«Газета! Брошюры, листовки, печатное слово во всех видах! Вот что нам сейчас больше всего необходимо, — заговорил он, временами прикладывая сжатый кулак к губам. — Руководить партией, пролетариатом России при теперешнем гигантском росте рабочего движения можно только печатью. „Новая жизнь“ в Петербурге — отлично! Но этого крайне мало.

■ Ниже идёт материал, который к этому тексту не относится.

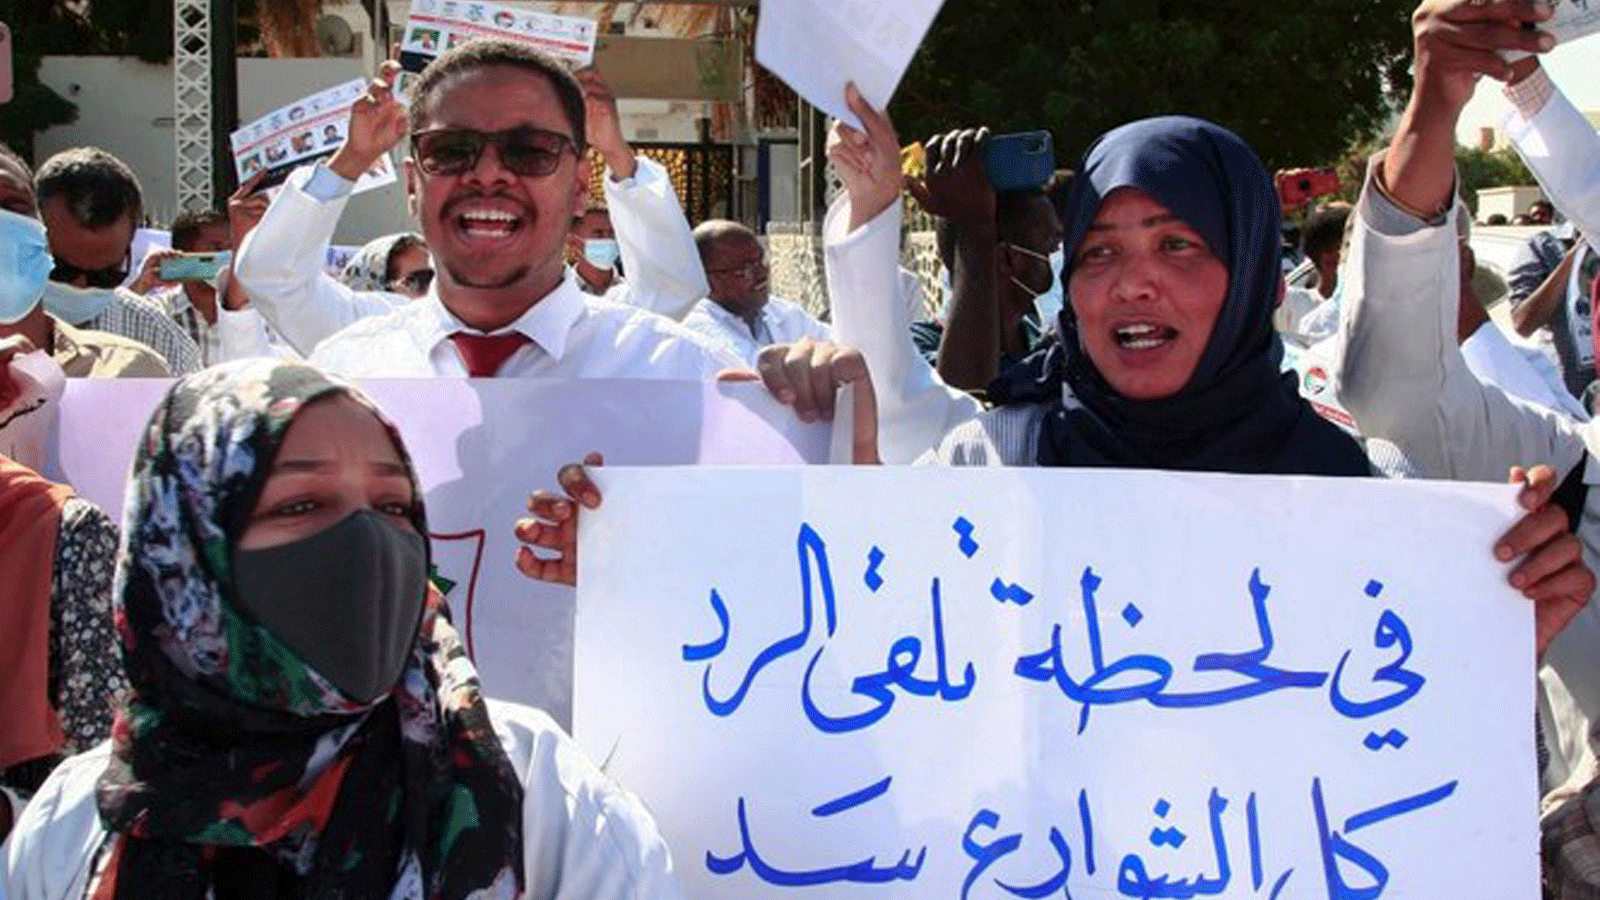 تظاهر عشرات الأطباء السودانيين في الخرطوم في 16 يناير/ كانون الثاني 2022 للتنديد بهجمات قوات الأمن ضد الكوادر الطبية والأطباء خلال مسيرات مؤيدة للديمقراطية معارضة للانقلاب العسكري في أكتوبر/ تشرين الأول 2021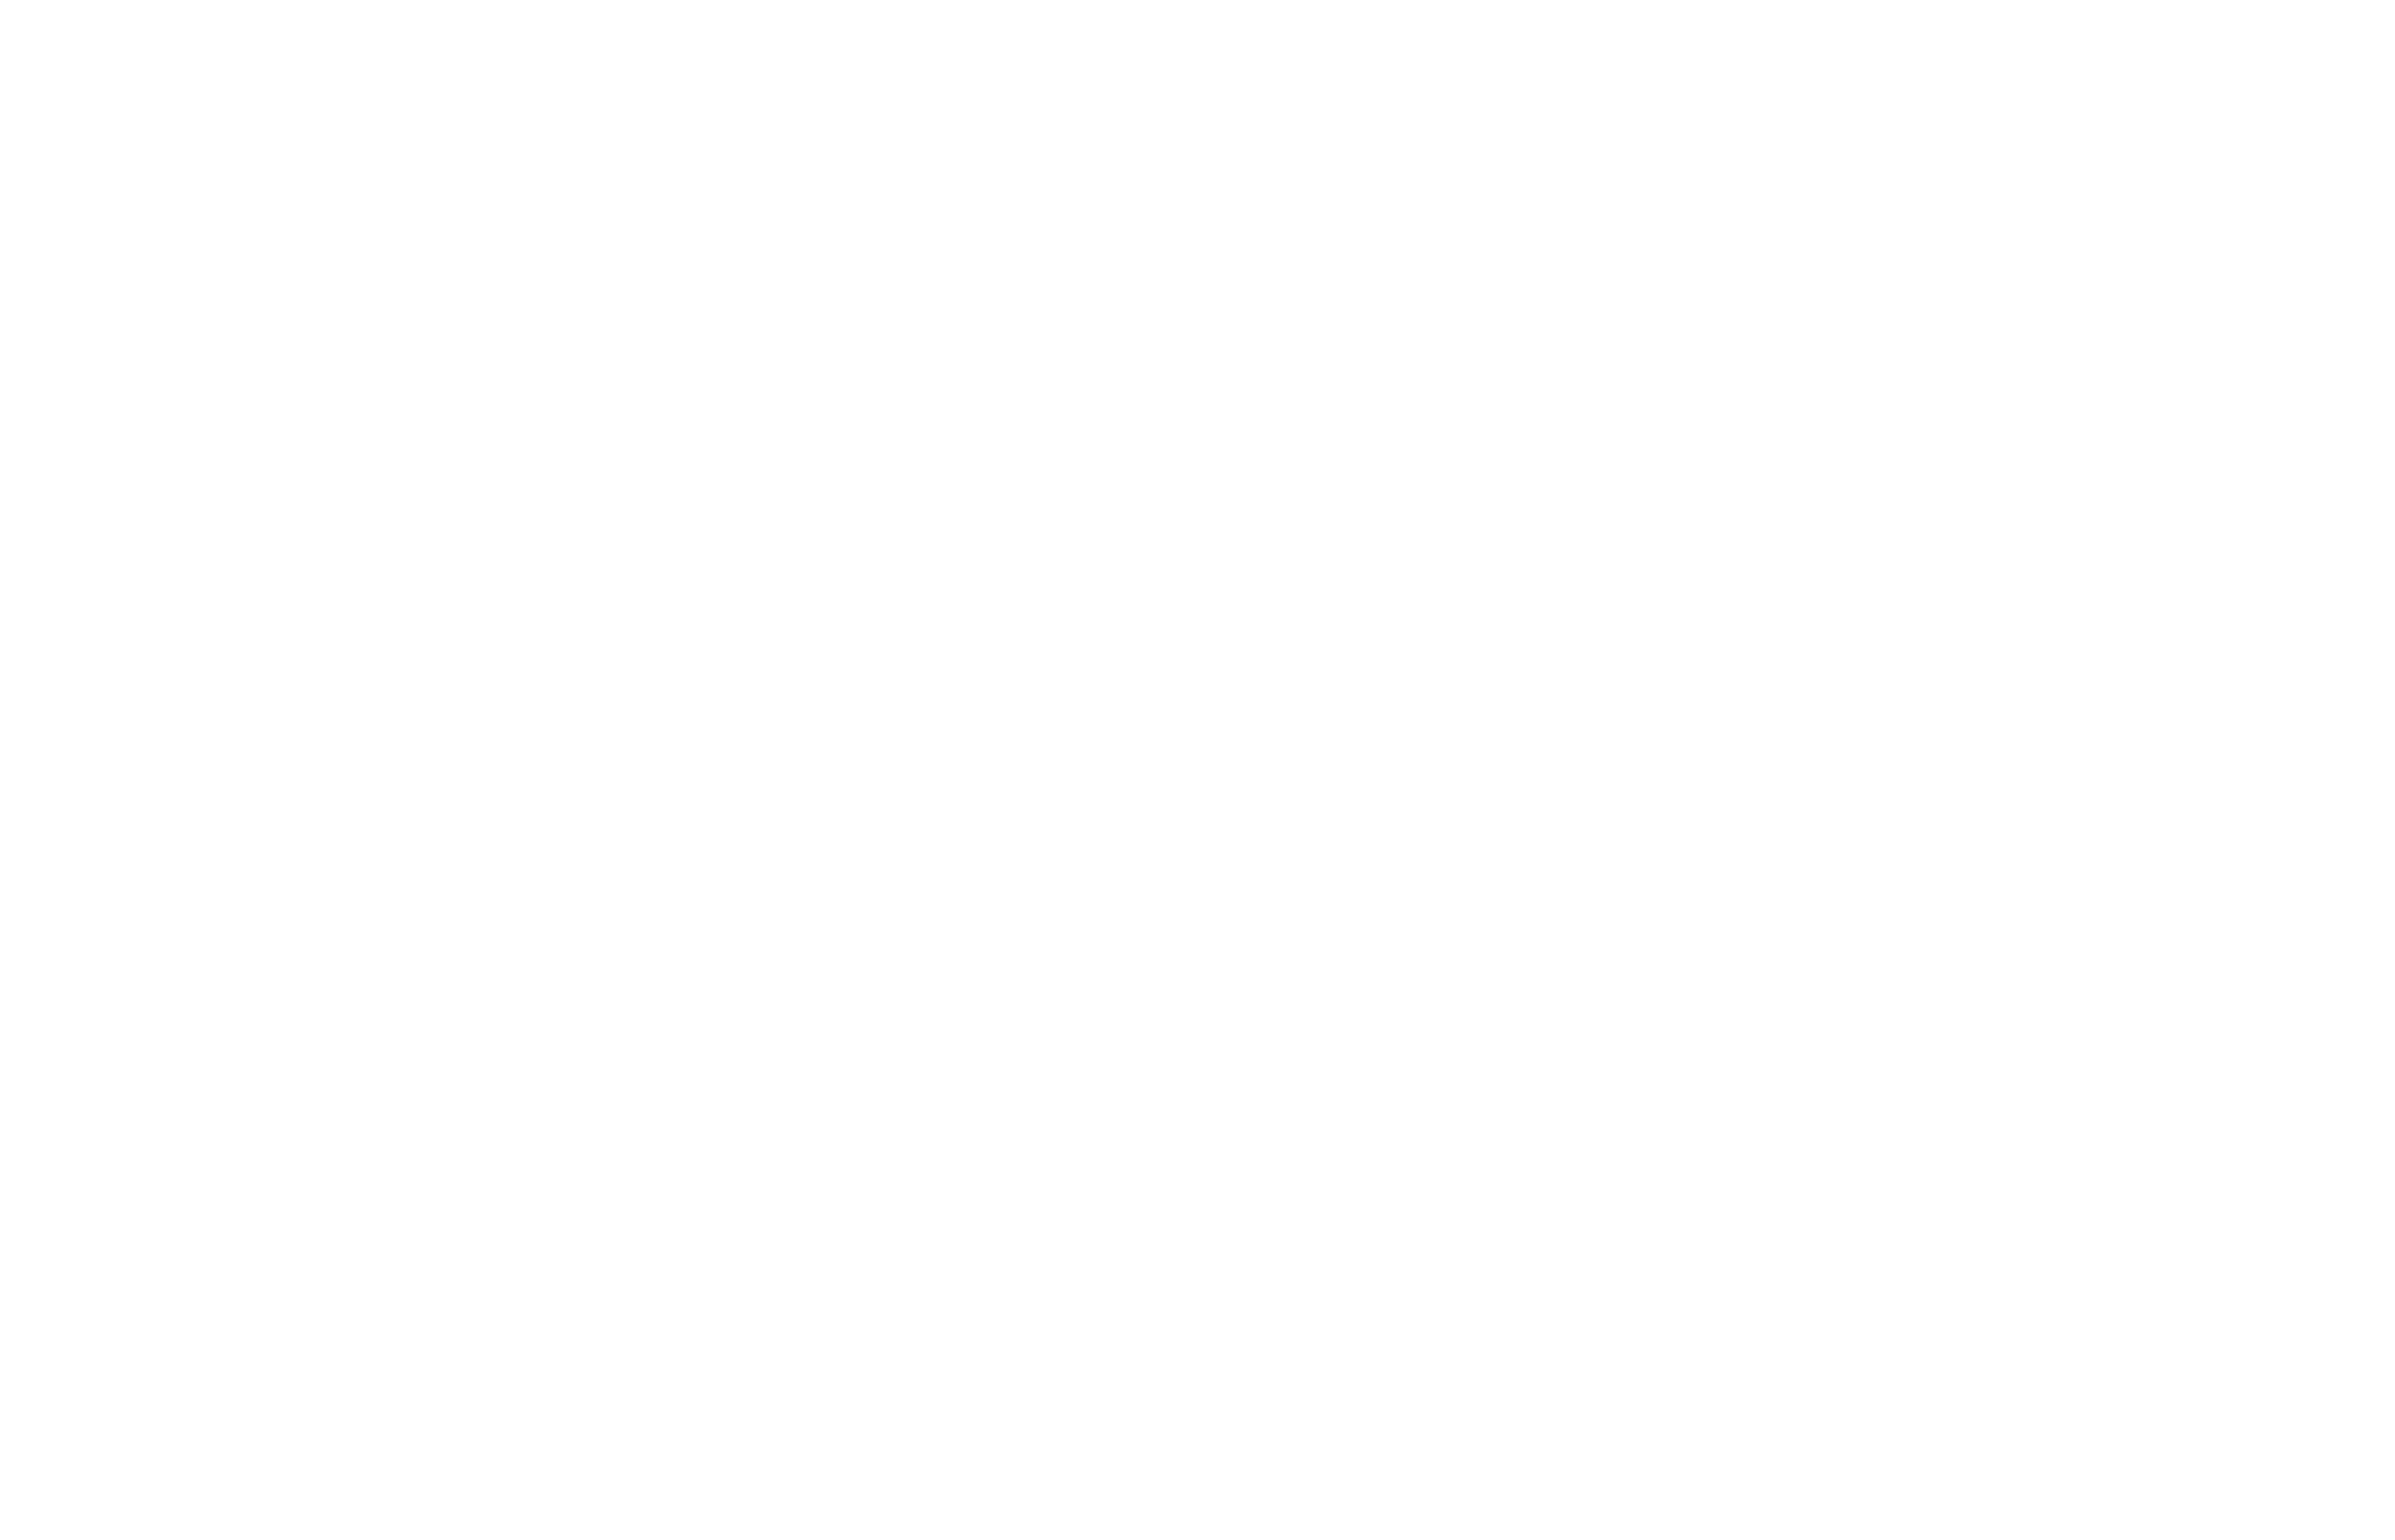 An SK Films Release

Не представляю Москвы, где очень сильная партийная организация, без хорошо поставленной крупной рабочей газеты. И может быть, даже двух газет! Иосиф Федорович, вот вам предложение: возвратиться в Москву и заняться там организацией печати. Ответственно, крупно. Вас в Москве хорошо знают, вы Москву хорошо знаете, вам и карты в руки. Согласны?»
Вопрос Ленина, хотя и подготовленный всем ходом разговора, тем не менее словно обжег Дубровинского стремительностью, с какой был задан. Непроизвольно он схватился за щеку.
«Ах, все-таки зубы? Ну, ничего, как говорится, до свадьбы заживет. При содействии нашей любезной хозяйки, — шутливо сказал Ленин, заметив движение Дубровинского. И потер руки: — Вы согласны. Я рад!»
«Я еще ничего не ответил, Владимир Ильич. Застигнут врасплох».
«Нет, вы ответили. Глаза ваши ответили. Итак, послушайте теперь мой вам совет: „Новая жизнь“, сказал я, отлично. Подтверждаю. Но посудите сами — в роскошном доме, в кабинетах мягкие ковры… Да разве заводской рабочий со своей еще малограмотной корреспонденцией осмелится зайти в такое помещение? А это самые наижелательнейшие авторы! Хроника по примеру буржуазных газет заполнена великосветскими сплетнями. Очень это пролетариям интересно! Полно декадентов, надо всеми господствует поэт Минский. Дорогой Иосиф Федорович, начиная дело в Москве, постарайтесь всего этого сразу же избежать. Там Соколов, Голубков, Шанцер, Васильев-Южин, отличные товарищи! Пугает денежная сторона дела? Все издержки обещает взять на себя Максим Горький. Поможет и Савва Морозов, Шмит. Что еще? Завтра сюда приедет Шанцер, и мы тогда окончательно по всем деталям договоримся. А теперь — руку, Иосиф Федорович!»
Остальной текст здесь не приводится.